Write down what you learned. Not in an elaborate file, just a quick note on your phone after the conversation. A year later you will not remember that Jordan mentioned his parents were going through something difficult, or that Aisha said she’d been struggling with sleep. But at the end of the season when you’re writing recognition for each player, or midseason when you notice a kid seeming off, you’ll want that information. A 10-word note per player is enough.

Don’t use what you learn as material for practice or games. If a kid tells you something private and then you reference it in front of the team, you’ve broken the agreement the conversation created. What happens in the one-on-one stays there unless the kid brings it into a group context themselves.

If something comes out that requires a mandatory reporter conversation, anything involving a kid’s safety, you know what to do. That threshold doesn’t come up often. When it does, you act.


The other thing worth naming is what these conversations do for you. Coaching is easier when you know who your players actually are. The kid who’s been distracted at practice, turns out her grandmother is in the hospital. The kid who seemed like he was slacking, turns out he’s been doing two-hour commutes three days a week because his family moved. The kid who you thought just didn’t care, turns out she’s been dealing with something at school that she hasn’t told anyone.
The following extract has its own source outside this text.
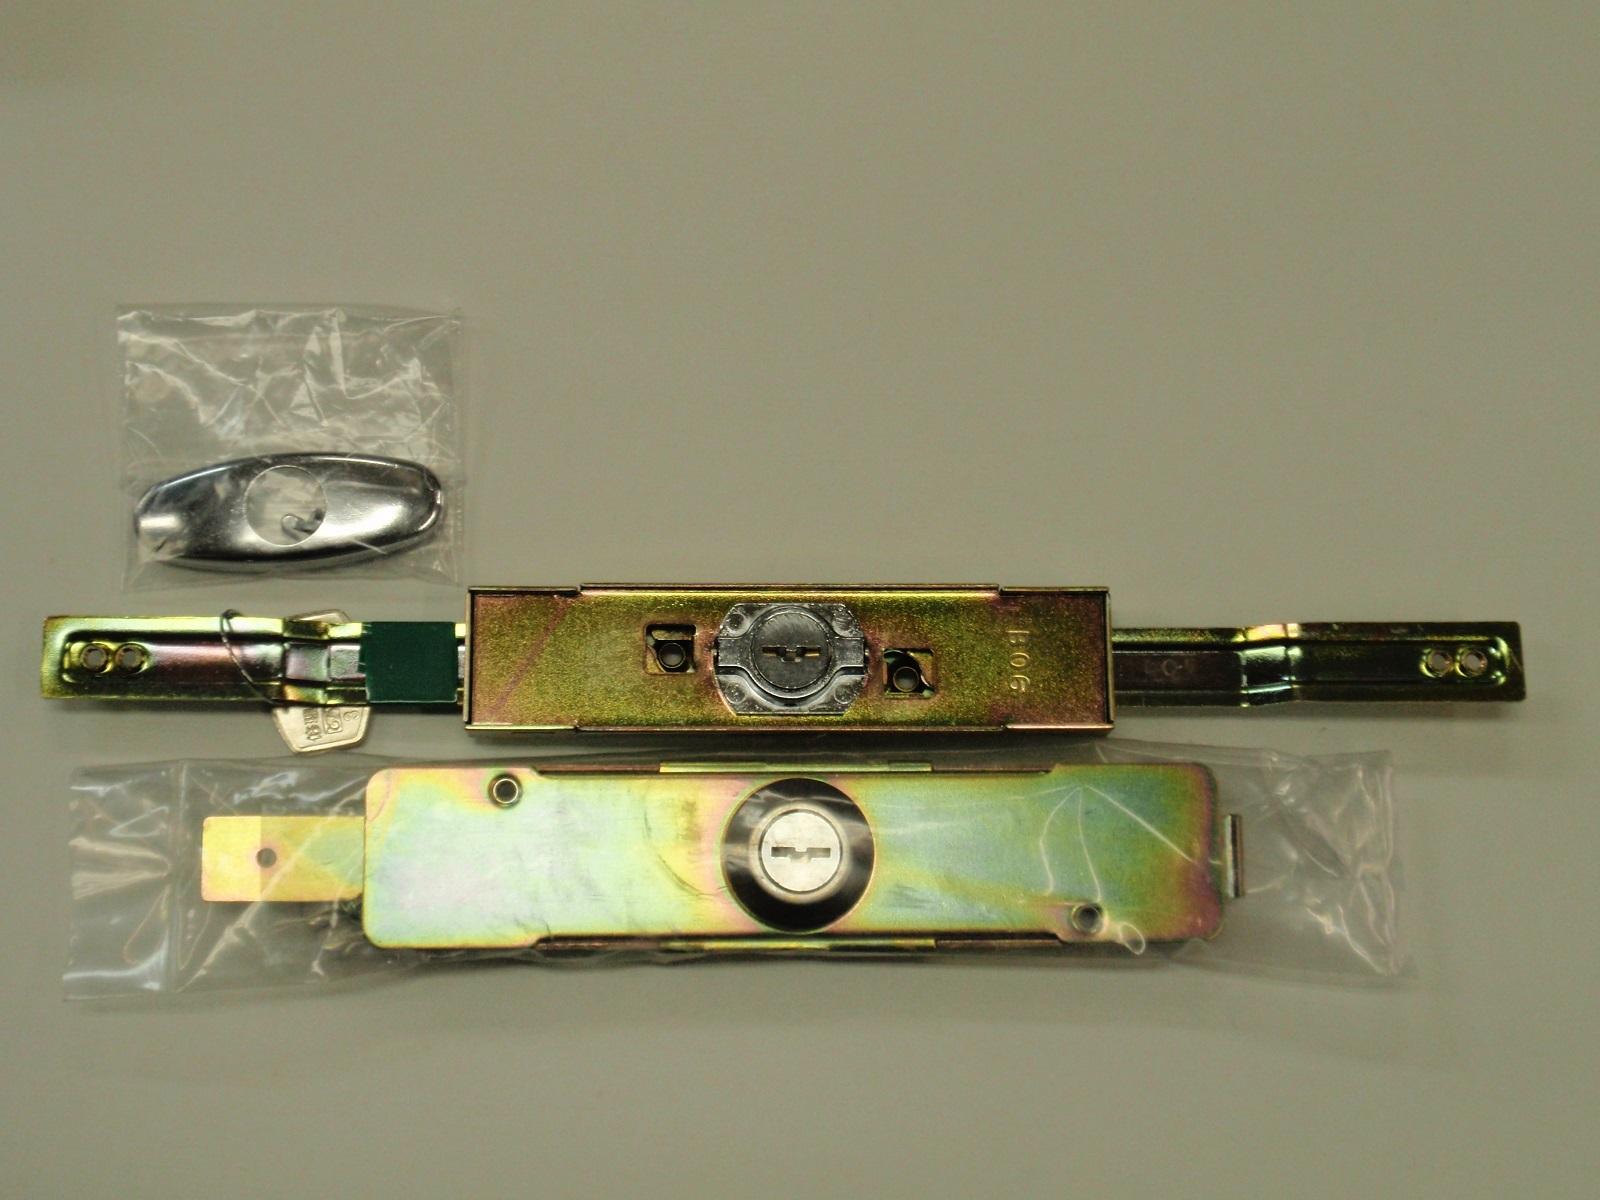 取替用シャッター錠 同一キータイプシャッター錠 三和シャッター (新型)KS-25 & アクアキー ウォーターロック 水圧錠 2個セット同一キータイプ 特注品 SANWA サンワ 防犯 鍵 交換 取替

None of that is information you could have gotten from watching practice. You had to ask.

The coach who knows this stuff coaches differently. Not softer, differently. They give the distracted kid a different kind of attention. They frame the commuting kid’s contribution in a way that acknowledges what he’s managing. They check in with the struggling kid more often. That’s not charity. That’s precision. You’re responding to the actual situation rather than what it looks like from the outside.


Youth sports is full of coaches who are good at the technical work, who can correct a footwork error, design a solid practice plan, manage a rotation. Fewer coaches are good at the individual relationship, because the individual relationship requires time and vulnerability and a willingness to hear things that aren’t about the sport.

That’s exactly what makes it high-leverage. Most of your players’ coaches won’t have this conversation with them. You will. That’s what they’ll remember, not the drill you ran in week four, not the play that worked in the semifinal. The coach who pulled them aside one afternoon and asked how they were actually doing, and then sat there and listened to the answer.

That’s the most important conversation you’ll have with every player. Make time for it.